Thursday, August 4, 2011

Too Many Tomatoes

I am, by no means, a "master" gardener.  "Lazy" gardener is more like it.  Well, I'm being too hard on myself.  Probably the most accurate description is "laissez-faire" gardener.  Once I plant, I tend to leave my garden alone and see what happens.

Tomatoes is what happened.  I am picking them by the basketful.  They are so prolific, they have managed to escape the confines of their cages and have overrun the tiny space once designated for peppers, cucumbers and carrots. 

This year, I chose four different types of tomatoes.  The biggest is called Brandywine.  It is a large beefsteak tomato with a pinkish hue.  It is my go-to tomato slicing on sandwiches.  It's my trickiest variety this year as it seems prone to cracking along the top and side and the leaves turned brown pretty early.  Next, the Better Boy.  This is a hybrid variety and less prone to disease.  It has been a stable producer for me and another good sandwich tomato.   Third, I chose a saladette tomato called Juliet.  It is oblong and easy to cut up for salads or a sauce.  Last, my favorite--a cherry tomato called Sweet 100.  It is amazingly productive and aptly named.  I pop those suckers in my mouth like candy.  Mmmm. 
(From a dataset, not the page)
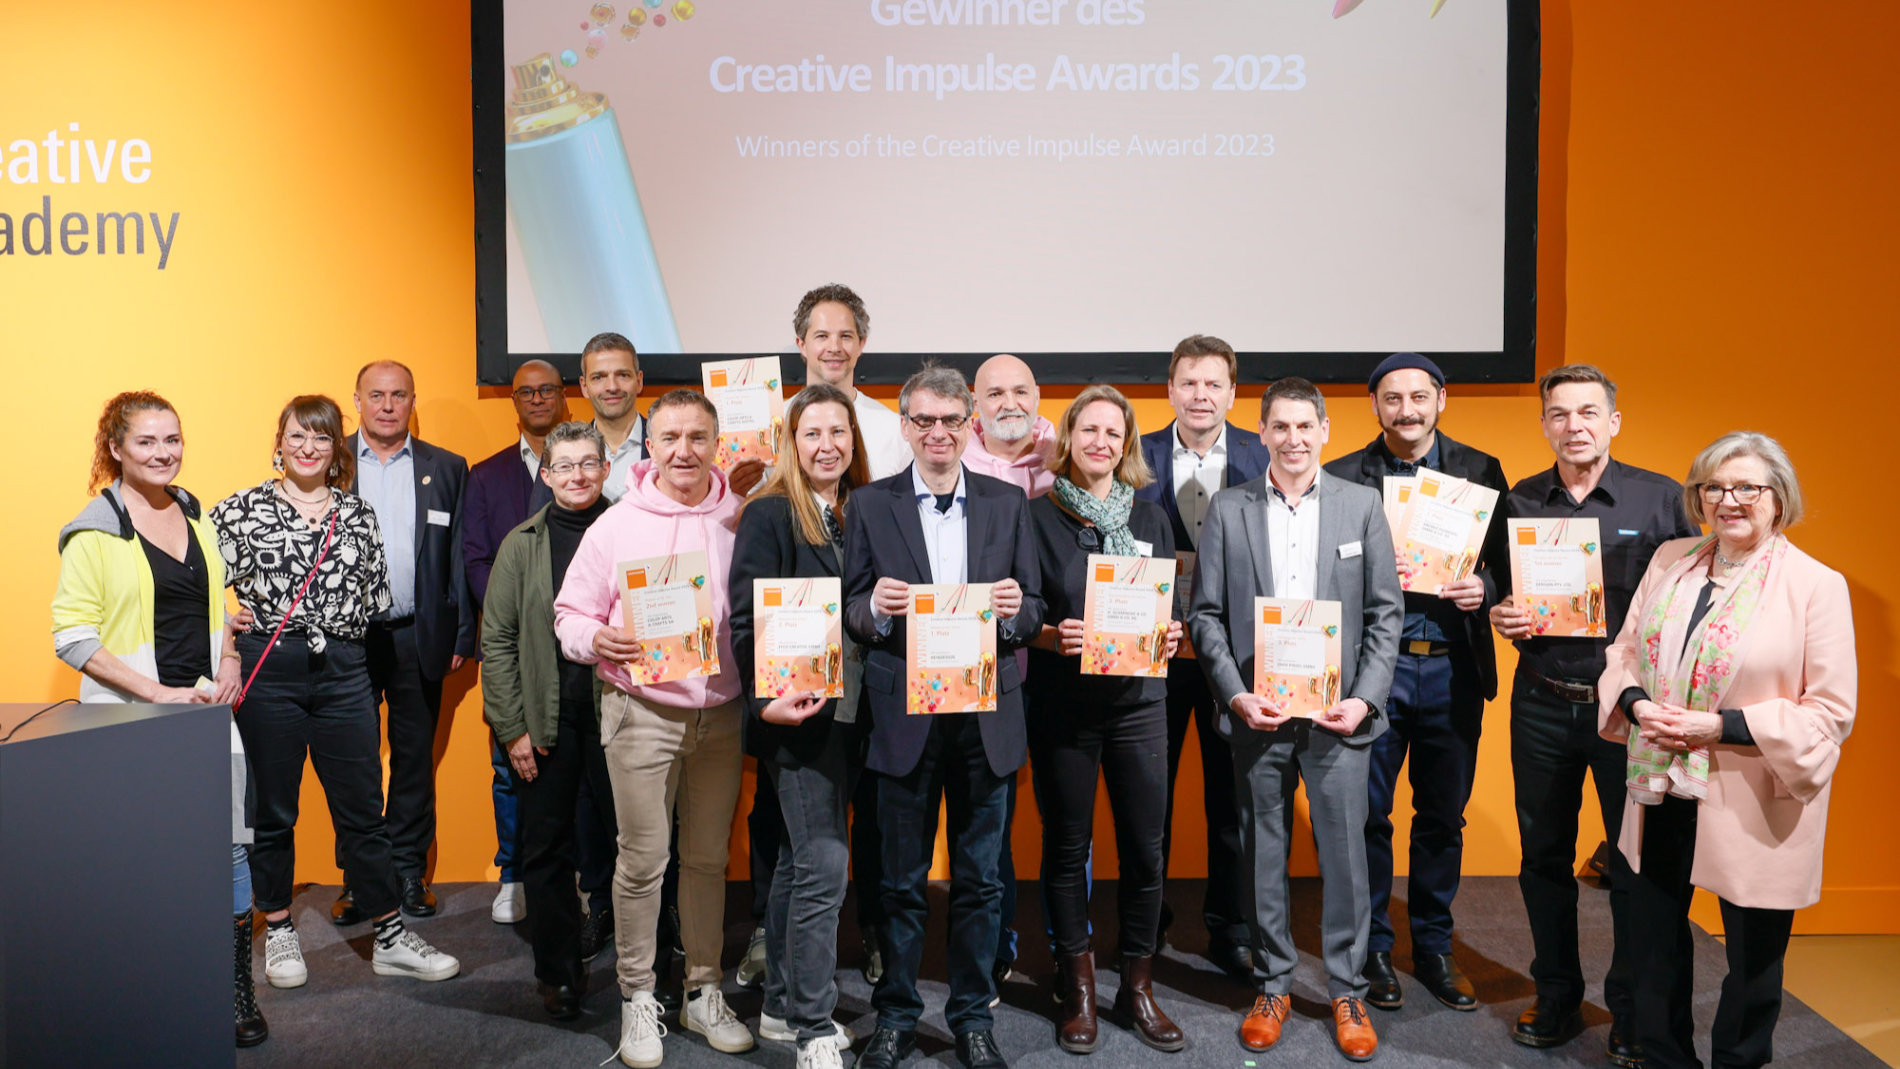 Gewinner des Creative Impulse Awards 2023. Bild: Messe Frankfurt/Jean-Luc Valentin

Brandywine, Better Boy, Juliet and Sweet 100

I am in tomato heaven.  BLTs for lunch, salads sprinkled with warm cherry tomatoes for dinner.  I'm happy to share my bounty with my non-gardening friends.  I make fresh pasta sauce, tomato marmalade and enchilada sauce.  And still, I have quite the surplus.  I find a very easy way to make a rustic tomato sauce.  Basically, I just puree the cleaned, chopped tomatoes (seeds, skin and all) in a food processor in batches.  Then I put the tomato pulp on the stove and simmer on low for the afternoon until the liquid is reduced by half.  I've made several batches of this to freeze for future recipes.

In a few weeks, the tomato harvest will slow down as the weather cools.  Just when I think I'll be out of the kitchen, I look out my window.  Uh oh.  The plums are getting ripe.

1 comment:

  1. Yum!
    Would you believe the tomatoes have just barely started here?

    Apparently the cold and rainy spring, while great for determining which house has a basement prone to flooding, was not great for starting tomato seedlings.


    We got our first Ohio Sun Gold cherry tomatoes in the farm share this week. We love them almost as much as the pigs.



    I'll have to try your rustic sauce-sounds simple and easy.



    Don't forget to slow roast some tomatoes when you have a ton and can stand to turn on the oven! (try my friend Alanna's blog, A Veggie Venture, for a good slow roasted tomato recipe).